The future role of the Federal Reserve is a key item.  The outlook is not good for the U.S. without out a strong and independent Federal Reserve.  The following article from the Financial Times discusses the differences between a “broad Fed and “narrow Fed”.

Heavyweights slug it out for right to dictate Fed’s future
By Krishna Guha in Washington
Published: December 8 2009
Two sharply contrasting visions of the future of the Federal Reserve have been thrown into sharp relief by Ben Bernanke’s confirmation hearings in the US Senate.
One of them will emerge triumphant from a protracted legislative battle on Capitol Hill, with big consequences for the way the world’s most powerful central bank does business.
The first is the Bernanke/Geithner model, advocated by the Fed chairman and his former colleague Tim Geithner, Treasury secretary. Call it the "broad Fed".
A broad Fed would retain its supervision powers over the top banks and gain supervision of any other systemically important financial institutions. In concert with a wider council of regulators chaired by the Treasury secretary, it would have a leading role in dealing with systemic risk through the exercise of "macroprudential" powers. Such a Fed would be a fully-fledged financial stability agency as well as a monetary policy agency.
The second model is the Dodd model, proposed by Senate banking committee chairman Chris Dodd. Call it the "narrow Fed".
A narrow Fed would lose its banking supervision authorities. It would have a less prominent role in dealing with systemic risk, though it would have a seat at the table in a new systemic risk agency. Such a Fed would be more focused on monetary policy. 
Click here to read the full article: Financial Times Dec 08, 2009


Remember earlier this year we talked about how the government would keep stimulus programs coming?  We had stimulus package one and then two.  Now, President Obama plans to use unallocated and repaid bank rescue TARP funds ($200 billion or more is available to be spent) to spur job creation.  This amounts to a third fiscal stimulus program meant to give the economy a boost in 2010…in time for mid-term elections.

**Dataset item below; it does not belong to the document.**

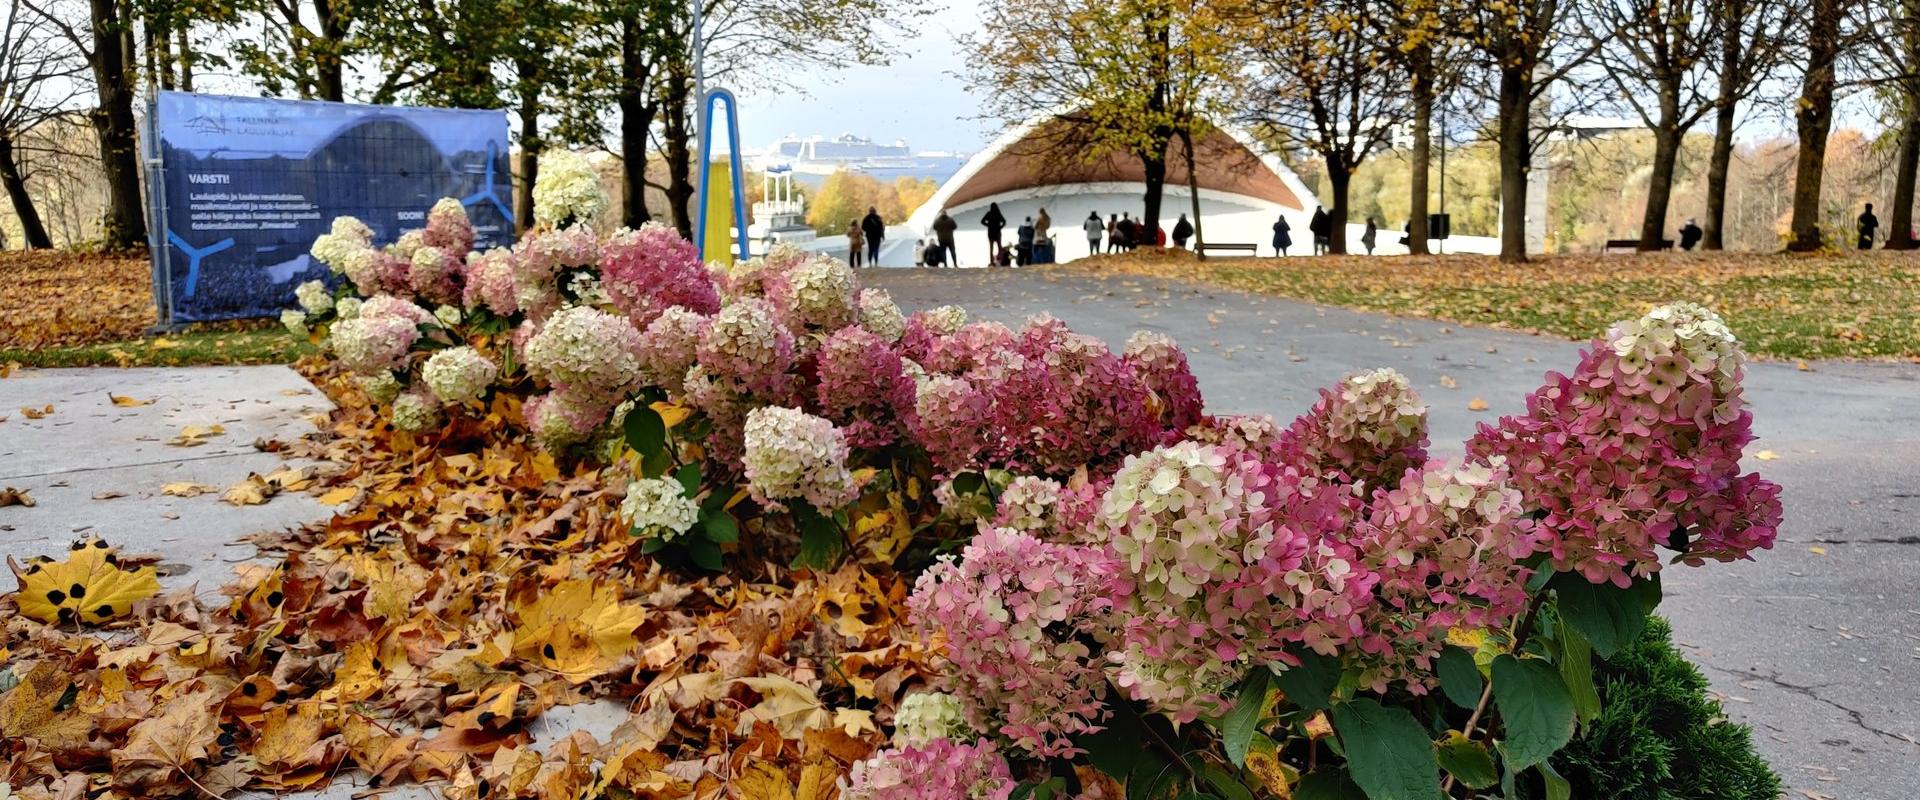 Tallinn Song Festival Grounds Park

1. Slow to moderate economic growth for the U.S., Europe, and Japan.
2.  Rising global economic growth led by China and India, Singapore, Korea, Hong Kong, Taiwan…and Brazil will also continue to do well.  The growth in these countries will be driven by domestic consumer spending growth and infrastructure spending.
3. Rising global interest rates.
4. Problems will continue to proliferate in weak balance sheet countries in Eastern Europe, the former Soviet Republics of Asia, and in the Middle-East.
5. Commodity price inflation throughout the world will begin to accelerate in late 2010 and 2011.
6. The U.S. dollar will not move in one direction.  The dollar will have strong rallies (one is commencing now, and this rally could last for weeks or months).  After the rally the dollar will once again begin to fall.  Longer term, the dollar still looks like it has lower to go.
7. Higher taxes in the U.S. on earned income and on capital gains.
8. The elections in late 2010 will see the U.S. Congress move more to the center as more moderates win seats.  The rigid platforms on both the far right and far left leave much to be desired.  Voters’ disapproval of high unemployment, high budget deficits, and the obvious costs of added bureaucracy will bring more moderates to office.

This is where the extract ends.